Antes de su discurso, habló el Canciller Socialdemócrata de la Alemania Federal, Helmut Schmidt, en términos de gran sustancia política por encima de las cortesías protocolarias. Fue un compromiso público y explícito hacia España; hacia la complementaridad que representa el ingreso de España en la Comunidad y —¿por qué no decirlo?— acentuando al mismo tiempo la solidaridad de las democracias parlamentarias occidentales con el destino futuro de la joven Monarquía constitucional española. «Las crisis intercomunitarias suelen ser a veces útiles para sacar a relucir los problemas latentes o escondidos y obligan a tomar resoluciones para resolverlos». La Comunidad tiene dificultades pero sigue siendo uno de los instrumentos necesarios para la construcción de la unidad política de Europa. Aunque tarde algunos o muchos años más, el propósito unificador del Continente es un proceso irreversible.

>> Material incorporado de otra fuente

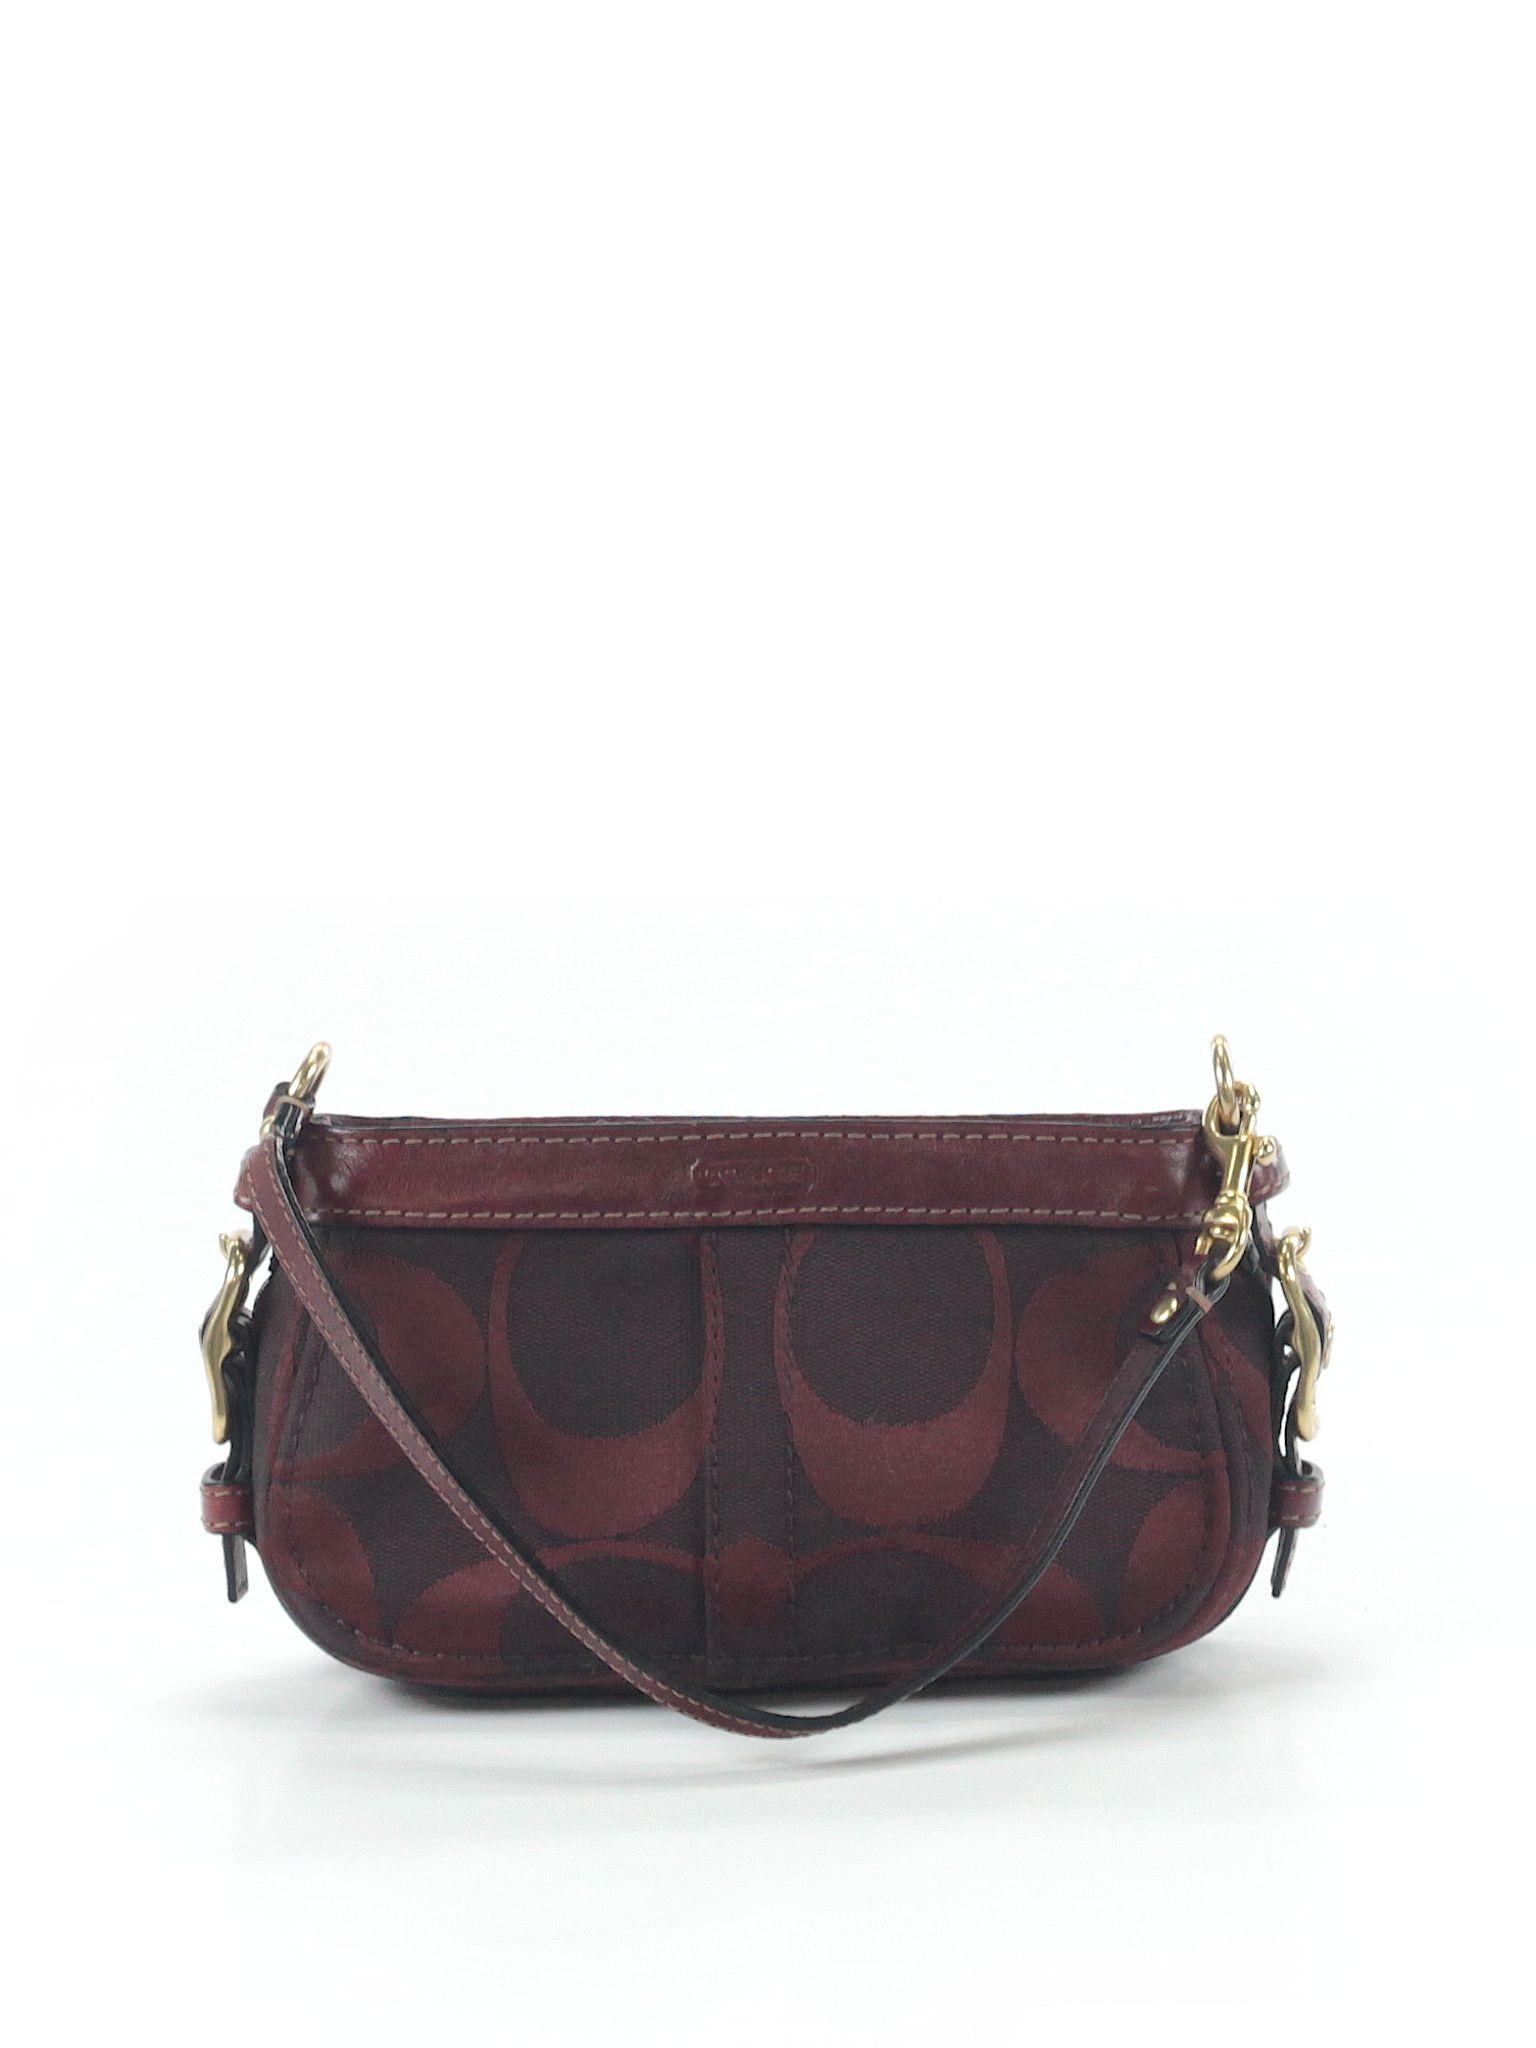 425ce7cff2a6 Coach Shoulder Bag  Burgundy Women s Bags - 26760604

Recordó don Juan Carlos la componente trascendental del europeísmo en la historia, y su proyección universalista. Es decir, su permanente objetivo de ir más allá de sí mismo en un «plus ultra» repetido. Fue asimismo una nota destacada del discurso su profesión de europeísmo como algo que se halla implícito en la inmanencia de nuestro ser nacional. También aludió el Rey a nuestra condición transatlántica de «nación americana». Fueron palabras muy bien escuchadas en aquella concurrencia de europeos señeros, ávidos de oír el mensaje del descendiente de Carlos V, en el histórico salón.

Al salir del edificio, en la plaza, junto a unos cientos de trabajadores españoles que aclamaban a los Reyes, desentonaban con silbidos, consignas y pancartas, grupos de jóvenes radicales alemanes que protestaban por nuestra integración política en el atlantismo militante. La policía vigilaba discretamente el coro discrepante. «Es nuestra forma de organizar la convivencia pública en libertad, dentro de la ley. El derecho a disentir es la esencia de la democracia», me decía un distinguido parlamentario europeo. Es la diferencia que existe entre Aquisgrán y Varsovia, entre el Oeste y el Este. Para evitar que los derechos se conviertan en delitos es para lo que mantienen sus estructuras defensivas los pueblos de Europa occidental con la inclusión de España.